Virginia Creeper Poisonous to Humans, Not Technically Invasive
Since Virginia creeper is one of the plants mistaken for poison ivy, many people wonder if it's poisonous to humans in the sense that poison ivy is poisonous. The sap flowing through Virginia creeper vines does contain oxalate crystals, which, for a small portion of the population, can irritate the skin. So you could get a nasty skin rash from touching the plant (though it's unlikely to cause a problem for the average person), meaning it's a good idea to wear gloves when handling it. Nor should you eat Virginia creeper berries, so don't leave curious kids unattended around it.
Because it's native to eastern North America, Virginia creeper cannot, technically, be listed as an invasive plant there.
A plant that spreads out of control where it's native is said to be "aggressive," instead. But if it displays thuggish behavior in its native land, then it's a good bet that such a plant will be invasive if grown in regions to which it is alien.
Warnings, Uses in the Yard
If you live in eastern North America, you probably don't need to grow Parthenocissus quinquefolia in your yard, because chances are good that it is growing nearby anyway, perhaps along a road that you drive every day (where you can get your fill of it).

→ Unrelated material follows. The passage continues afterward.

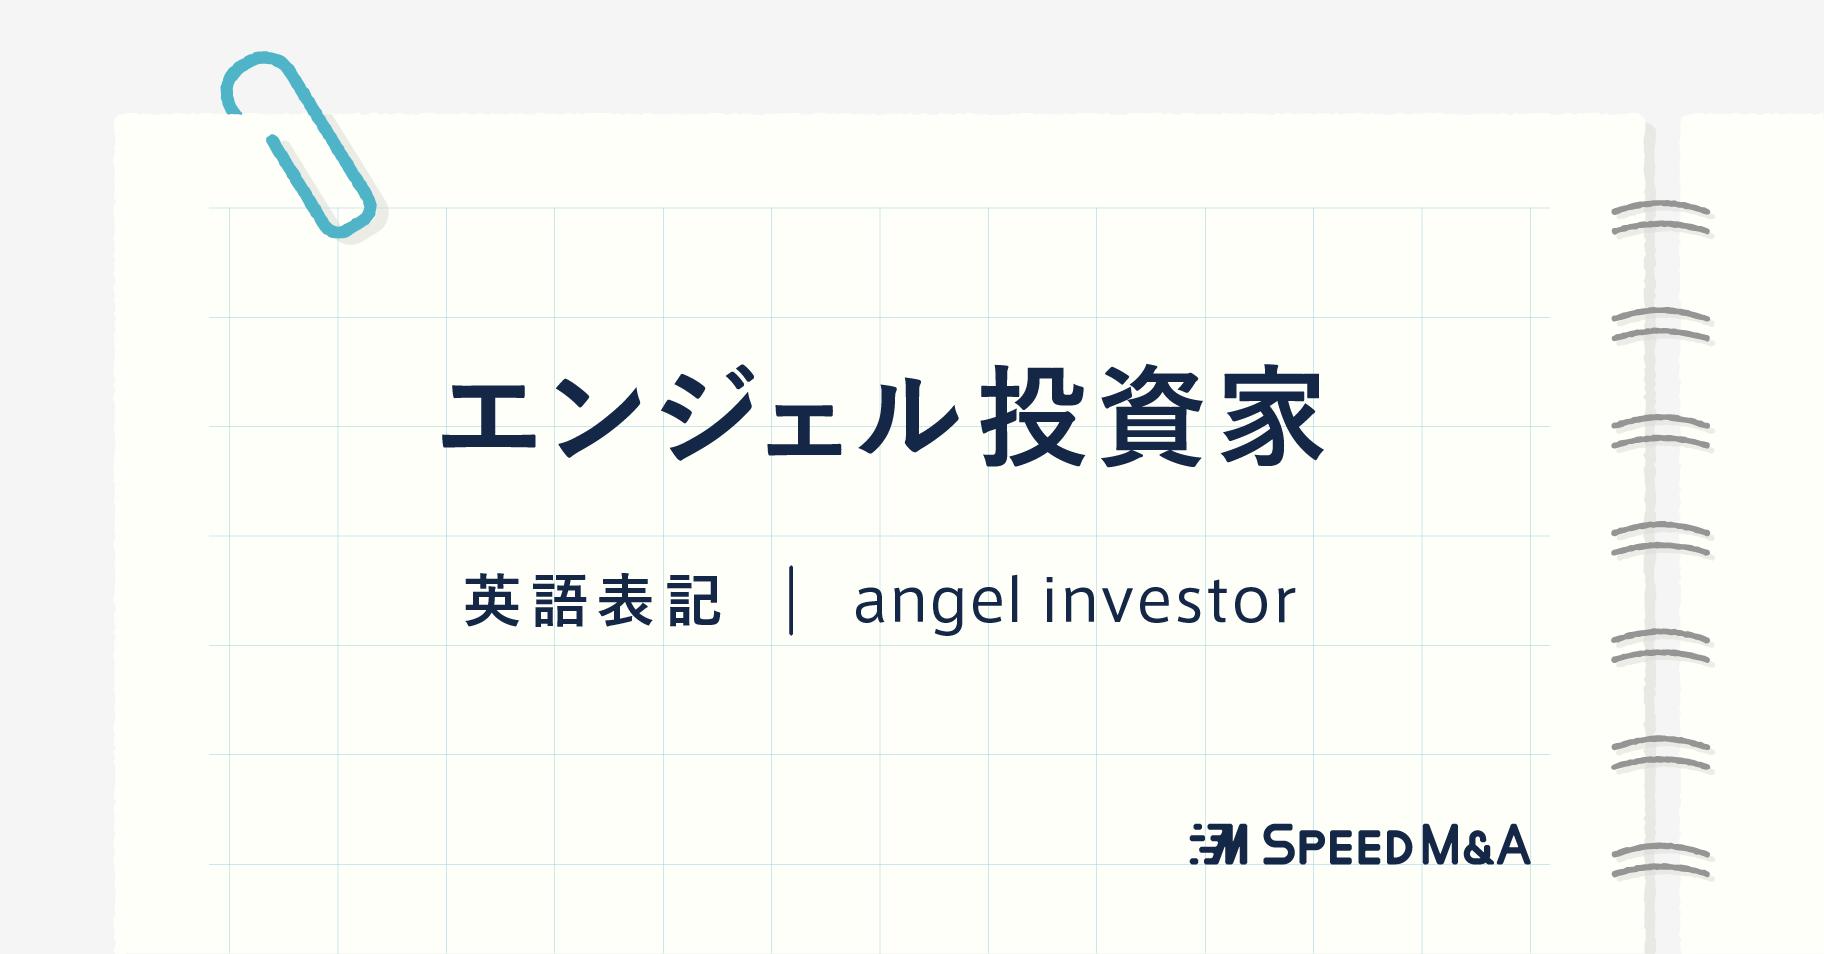 エンジェル投資家とは

But if you live somewhere where Parthenocissus quinquefolia is not a native plant, perhaps you've considered growing it. If so, keep some warnings about this vine in mind:
- Virginia creeper is a vigorous grower and may get out of hand if not kept in check with equal vigor. Therefore, it would not be a good plant choice for you if you seek low-maintenance landscaping.
- Sticky, disk-like appendages on its tendrils adhere to wall siding, making it difficult to remove. Removal could, in fact, cause damage to the wall. So don't grow it on walls unless you wish it to be permanent!
- Virginia creeper will climb trees and cast shade on their leaves, thus depriving them of needed sunlight. Don't allow it to grow on specimen trees!
But it does have viable uses in the landscape, and here are some possible solutions to the above problems (in order), should you wish to grow it:
- Grow Engelmann's ivy. This cultivar is considered less vigorous than the species plant. Some bronze color tends to creep into its otherwise red fall foliage, though.
- If you want the look of a wall covered with Virginia creeper, but without the risk, install a sturdy trellis near the wall and grow Parthenocissus quinquefolia on the trellis (keeping it well trimmed).
- Because you shouldn't let Virginia creeper grow on your specimen trees, consider, instead, training it onto garden arbors, onto pergolas, or onto fences.
Another use for the plant is as a ground cover. For, although it's a climbing vine, it will simply sprawl along the ground if not given a support on which to climb.
When used as a ground cover on a hillside, it can be effective for erosion control.